In this Research Topic, entitled “Computational Approaches for Interpreting Experimental Data and Understanding Protein Structure, Dynamics and Function Relationships,” we have aimed to cover promising, recent, and novel research and technology development interfacing experimental and computational methods directed to structural, dynamic, and functional studies of biomolecules. Six different articles have been contributed from our colleagues, and one of them is from the group of Prof. Montelione, who also served as one of guest editors for this Research Topic.

Transthyretin (TTR) amyloidosis is known to cause different human diseases including senile systemic amyloidosis and familial amyloid cardiomyopathy/polyneuropathy. Prof. Jin Hae Kim, Prof. Wookyung Yu and their group members studied structural ensembles of TTR by machine-learning based nuclear magnetic resonance (NMR) chemical shift prediction and molecular dynamics (MD) simulation in the contributed paper entitled “Aggregation-Prone Structural Ensembles of Transthyretin Collected With Regression Analysis for NMR Chemical Shift” (Yang et al.). They suggest the correlation of the structural deformation of the DAGH β-sheet and the AB loop regions to the manifestation of the aggregation-prone conformational states of TTR. This suggestion has been cross-validated by circular dichroism (CD) spectroscopy and NMR order parameter analysis.

Another emerging area of protein structure analysis involves combining advanced modeling methods with sparse experimental data, like that obtained by NMR using perdeuterated samples of biomolecules. These methods were assessed as part of the Critical Assessment of Protein Structure Prediction (CASP) (Kuenze and Meiler, 2019; Robertson et al., 2019; Sala et al., 2019). Among the best performing methods in CASP13 was MELD (modeling employing limited data). MELD uses Bayesian inference to integrate data from different experimental sources with an atomistic force field to predict structures (MacCallum et al., 2015; Perez et al., 2016) and is well suited to handle sparse, highly ambiguous restraints. In “Simultaneous Assignment and Structure Determination of Proteins From Sparsely Labeled NMR Datasets” (Mondal and Perez), Mondal and Perez describe the MELD-NMR pipeline, together with improvements that provide more accurate models for several CASP “NMR-guided” targets than observed in the original CASP13 study. MELD-NMR provides a significant improvement over previously described approaches for structure determination with ambiguous, sparse, and noisy NMR data.

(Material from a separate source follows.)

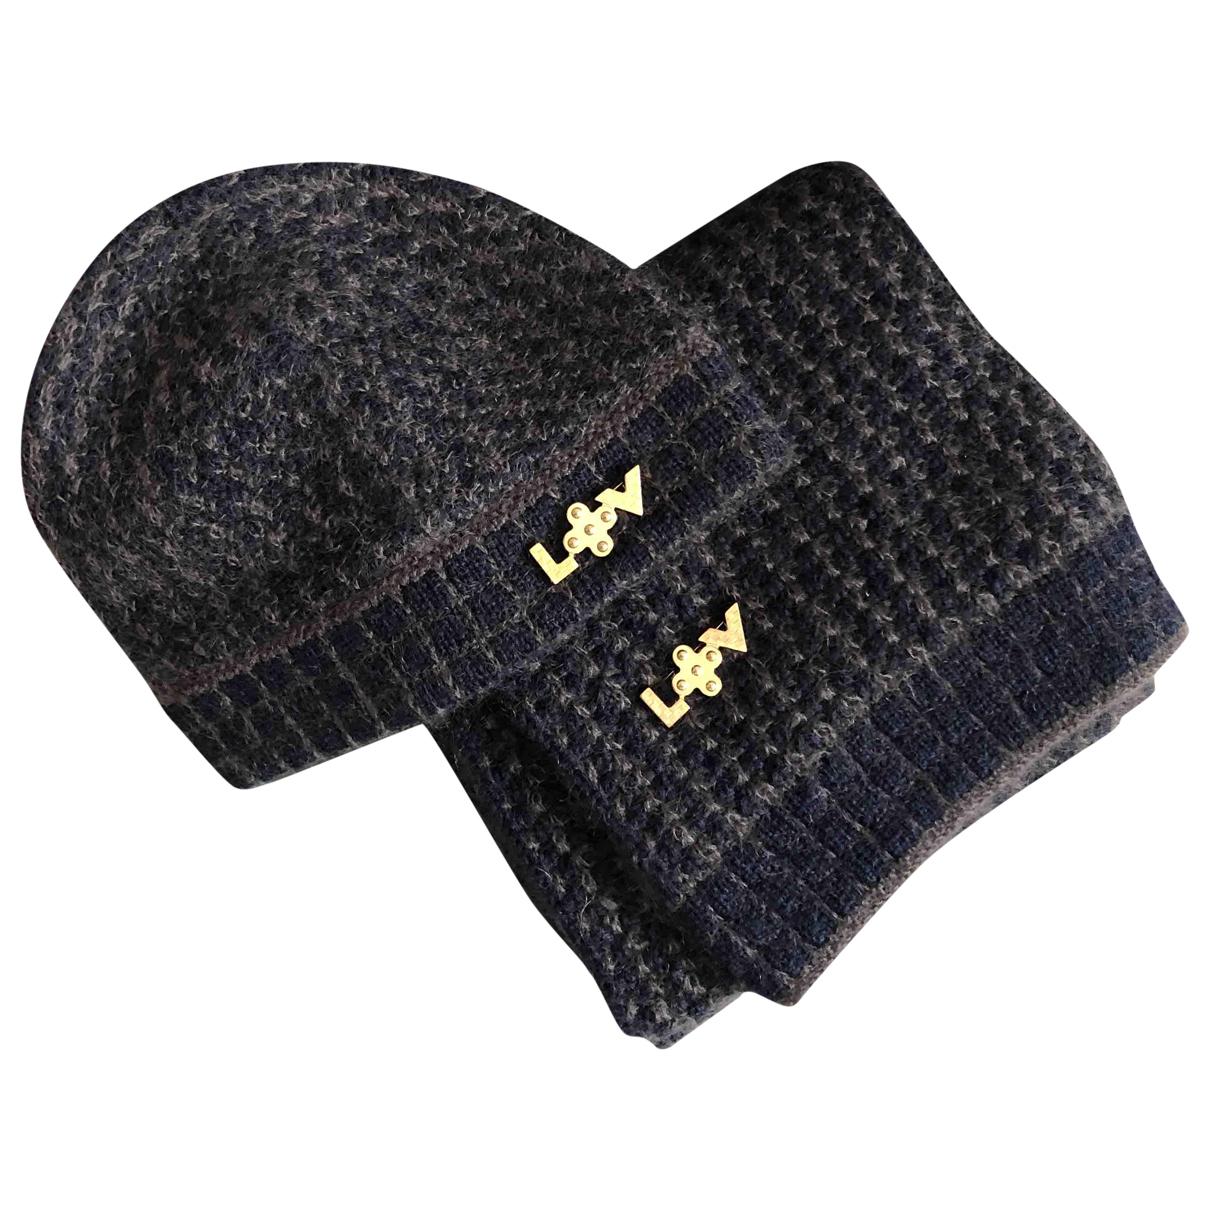 Louis Vuitton \N Multicolour Wool hat for Women M

Intrinsically disordered proteins, or IDPs, are an important class of biomolecules with key biological functions. It is estimated that approx. 40% of proteins encoded by the human genome contain an IDP segment of at least 30 residues. In this mini-review, Czaplewski et al. outline recent developments in modeling ensembles of this important class of proteins from a diverse set of experimental observables, including sparse NMR data, SAXS, and XL-MS. The use of time- and ensemble-averaged methodologies are discussed, with emphasis on computational approaches for determining both an ensemble of representative conformers, and their dynamics.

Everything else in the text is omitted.